Similar to the PubMed strategy above, create a separate but comprehensive search for each of the terms related to the concepts (step 1), then combining all of those searches in a logical way (step 2). To do this, I would want to make one search string for all the potential terms used for each concept. I'll use the Intervention concept as an example. First, I will search for the first keyword I thought of to describe the concept, "group therapy." PsycINFO differs from PubMed because the search you enter is the search you get (except the database will apply slight variants such as British spelling, plurals, etc.). You can choose whether to search all fields or a specific field such as the Title (See the More Tips section if you'd like to use the database subject terms).

Repeat for all of your terms:

When you are done searching for each individual term separately, click on the Search History link underneath the search boxes. From there, first clear any terms left in the boxes above and then combine your searches using the checkboxes and the "Search with OR" link.

This will create a combined search, but unlike PubMed PsycINFO does not list the details of the words used, so it can help to immediately save and rename the search to something more descriptive. To save your searches, click on the search(es) you'd like to save and click on Save Searches/Alerts. You will need to make a separate EBSCO account to do this.

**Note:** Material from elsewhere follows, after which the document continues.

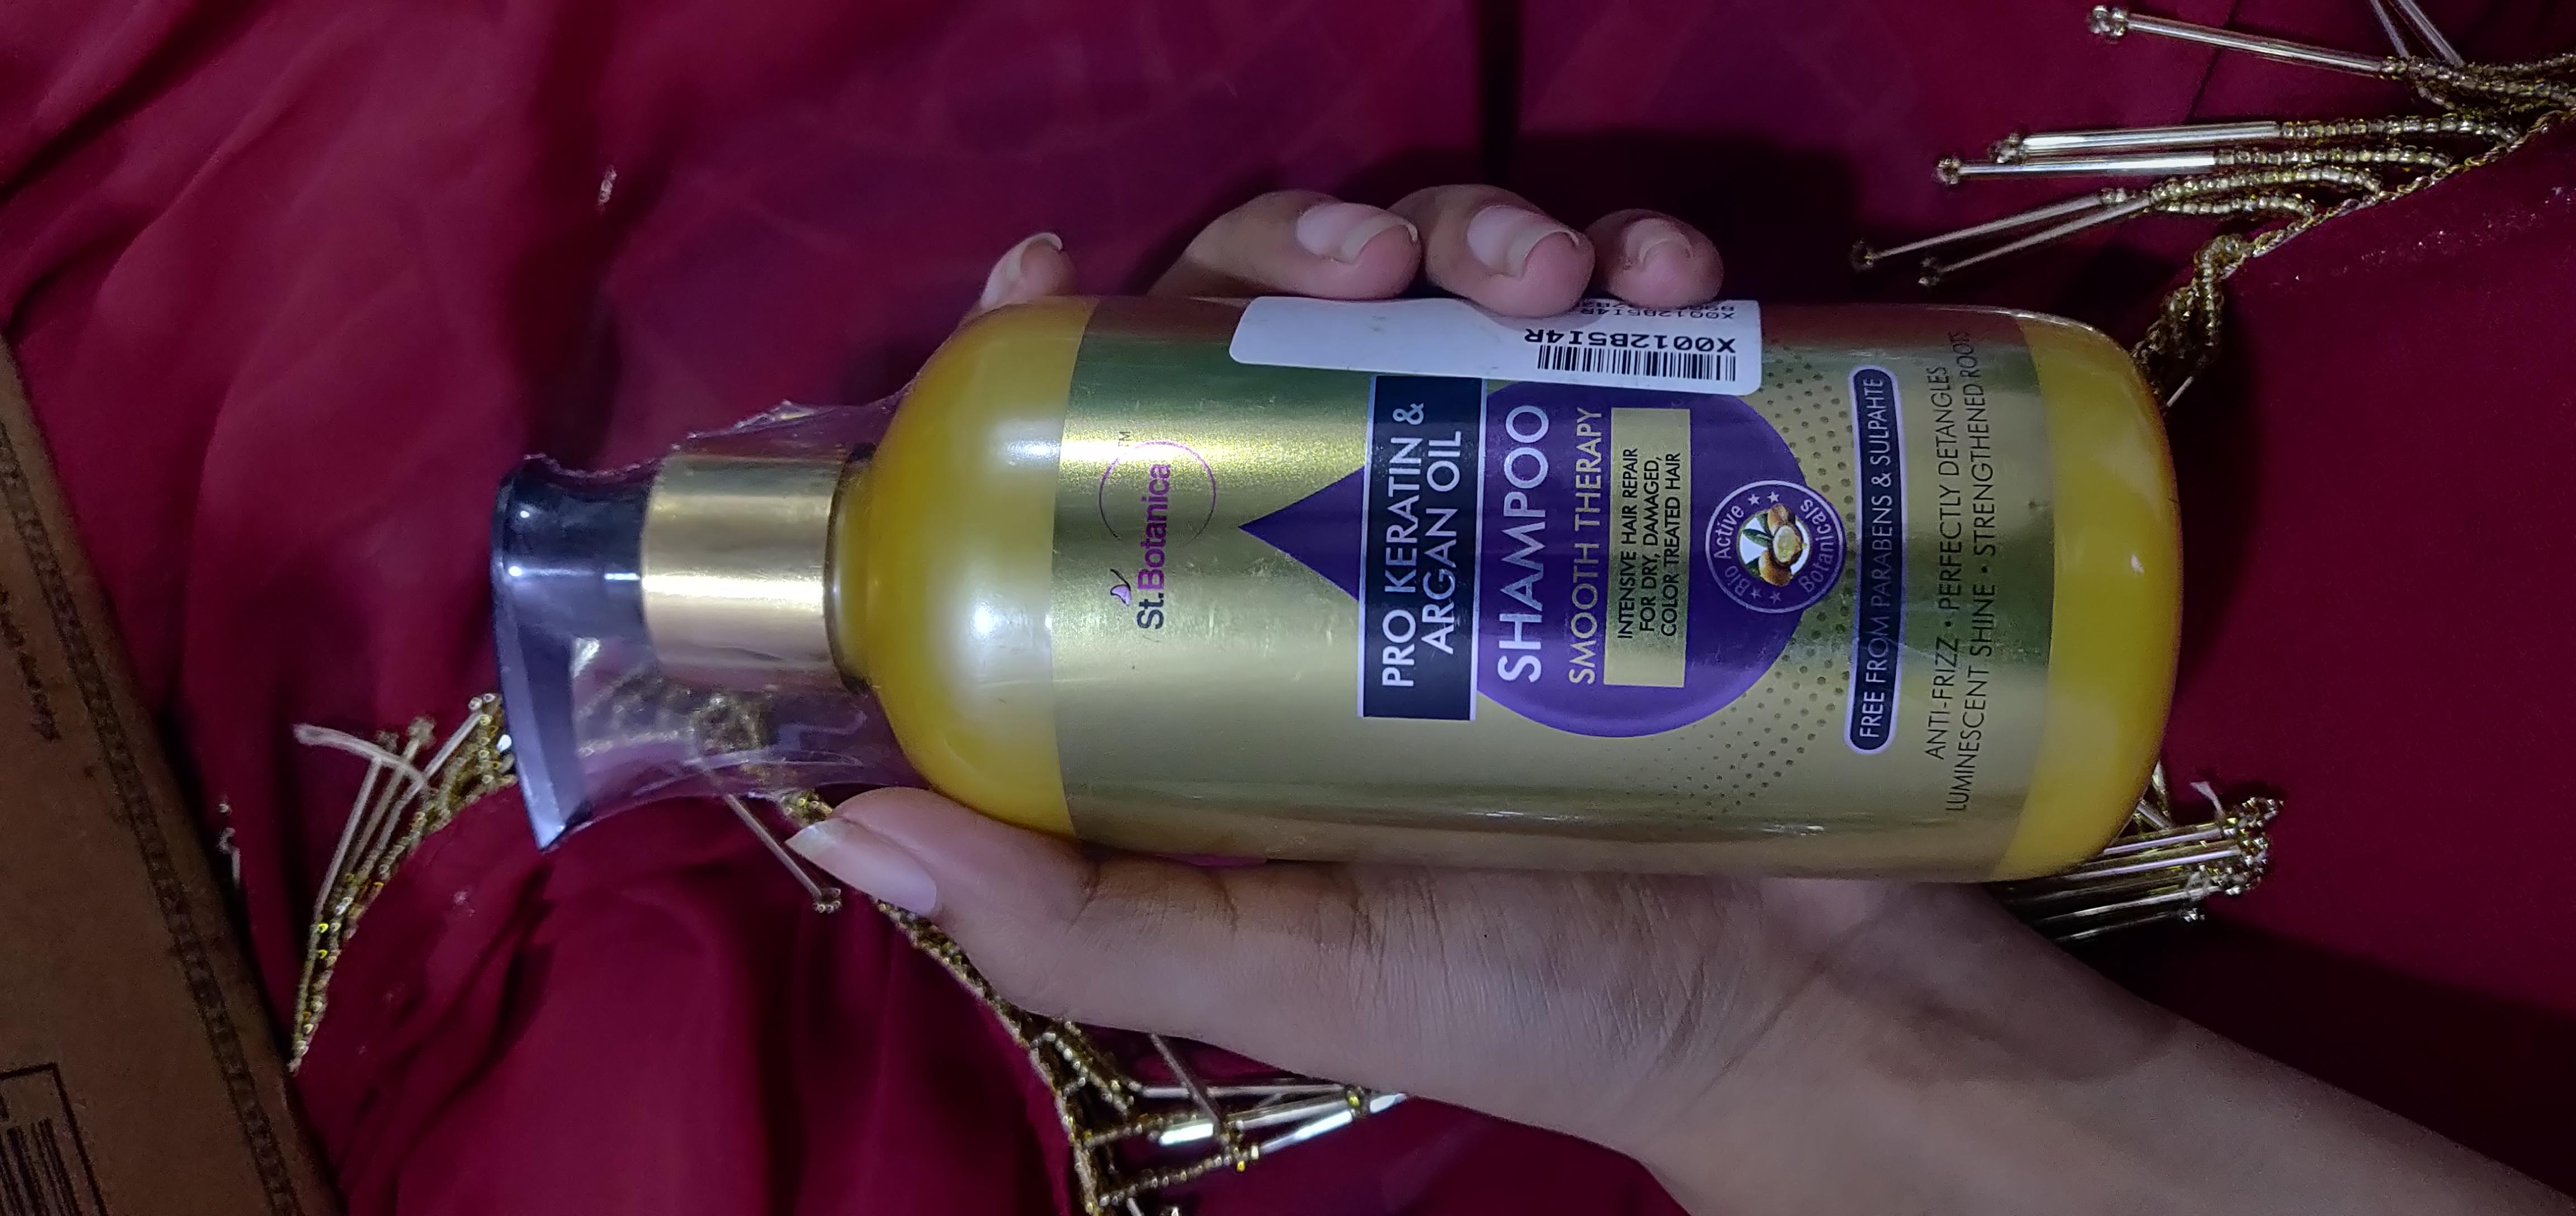 St.Botanica Pro Keratin & Argan Oil Shampoo-Average shampoo-By vaishvita-2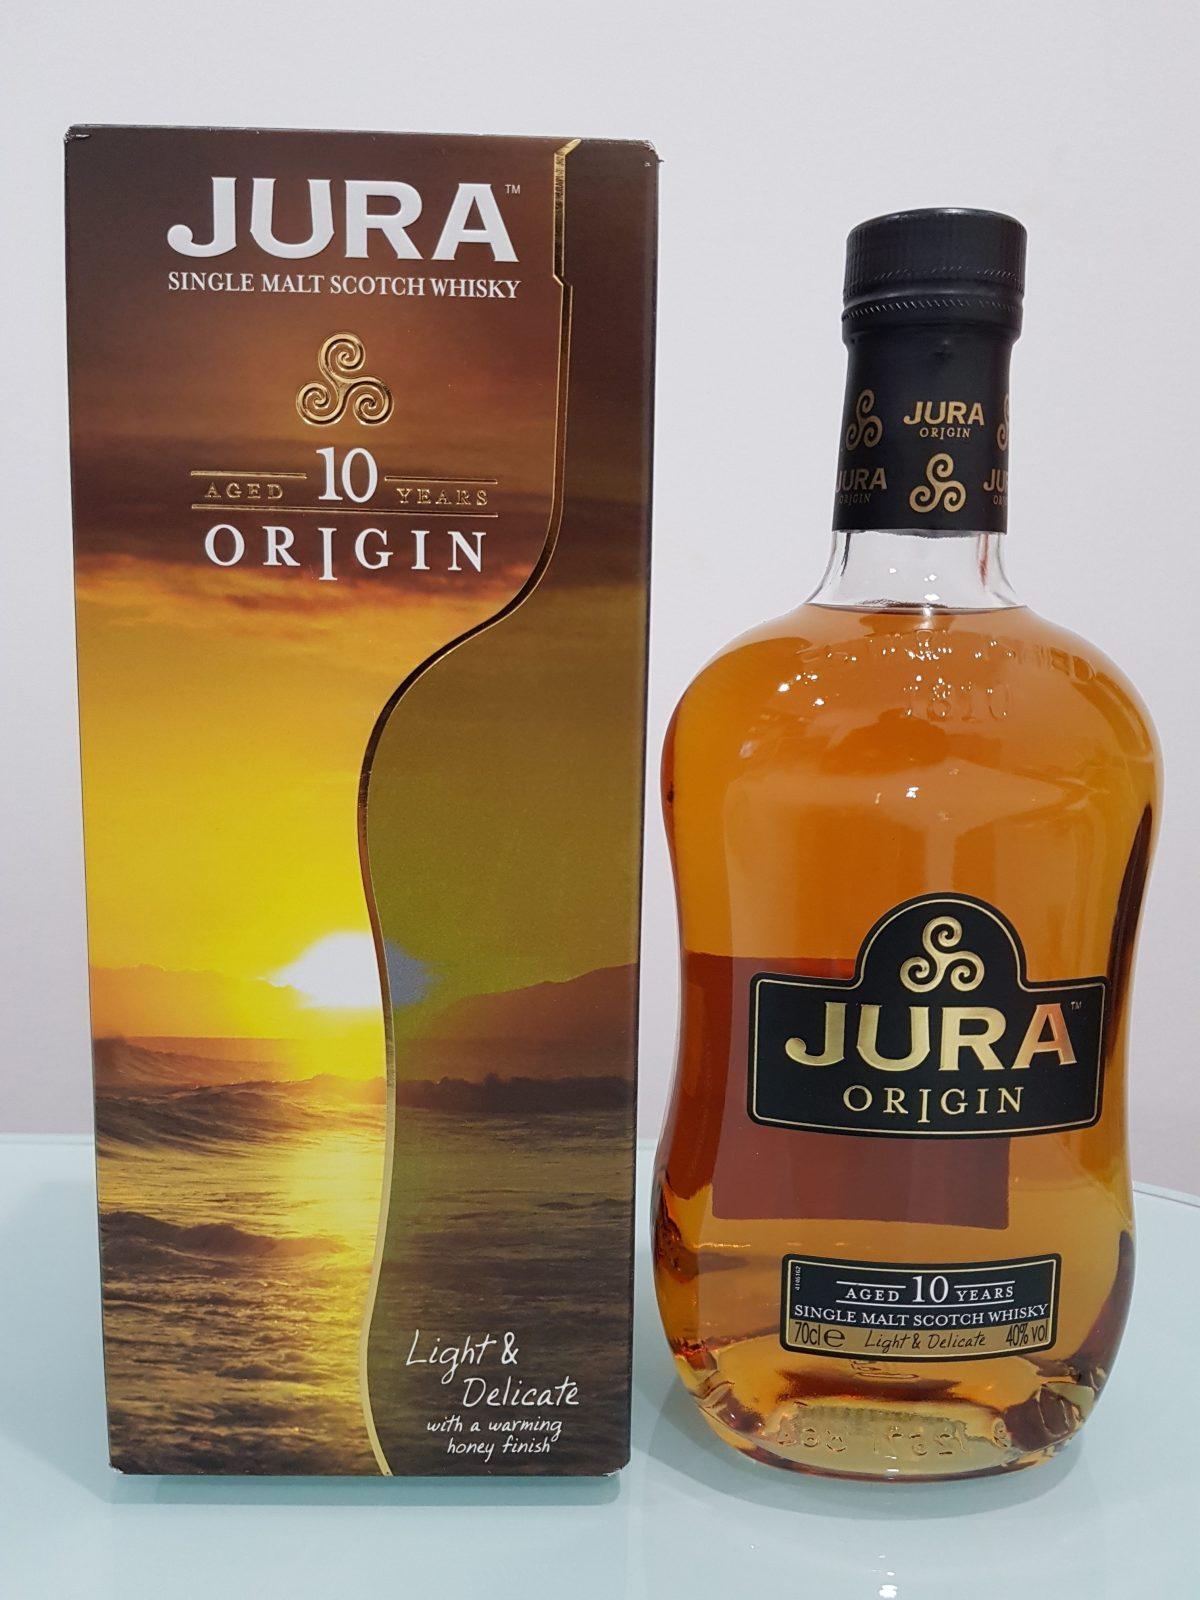 Isle of Jura Origin 10 Year Old Single Malt Scotch Whisky 700ml 40 % abv

2. Combine the concept searches logically

Once you have created separate, comprehensive searches for each concept, then combine them following the same strategy listed above in the PubMed box but using the "Search with AND" box on the search history page.

3. Modify as needed

If you think of other terms to include in your searches, you should modify each concept search individually and then re-combine them.

Using Search History to Formulate Advanced Searches

As explained above, when conducting a comprehensive literature review, it's very important to use a systematic approach. This is especially important when submitting an article for publication, because you're often required to submit the search strategy you used. Instead of combining words/phrases into one search on the home page of the database, it's a good idea to use your Search History instead. This will help you be sure that your search terms are being combined properly and in the right order. See the links below for more background and alternative explanations: 

What about Google Scholar?

In general, PsycINFO and PubMed are better bets to use than Google Scholar when conducting literature searches, because the search fields and algorithms are much more advancec. PsycINFO and PubMed also employ actual human indexers that review and categorize articles, whereas Google Scholar relies on keyword searching alone, so it's easier to get more complete and relevant results in PsycINFO or PubMed. It's also easier to keep track of your search strategy when using PubMed or PsycINFO.


Use a Citation Manager

Using a citation manager requires a bit of a learning and adjustment period, but has a great payoff. Invest a bit of time to learn how to use one and you will benefit for the rest of your educational/professional career! Citation managers help you capture and organize references that you've found online, including the full text if available, and then help you to draft in-text citations and bibliographies. There are several available, but the library recommends Zotero if you aren't yet using a citation manager, because it is free, open-source, and very easy to use.

Other Places to Search

If you have a novel topic or one that has not yet been empirically studied extensively via research articles, you may need to supplement with dissertations, theses, or books.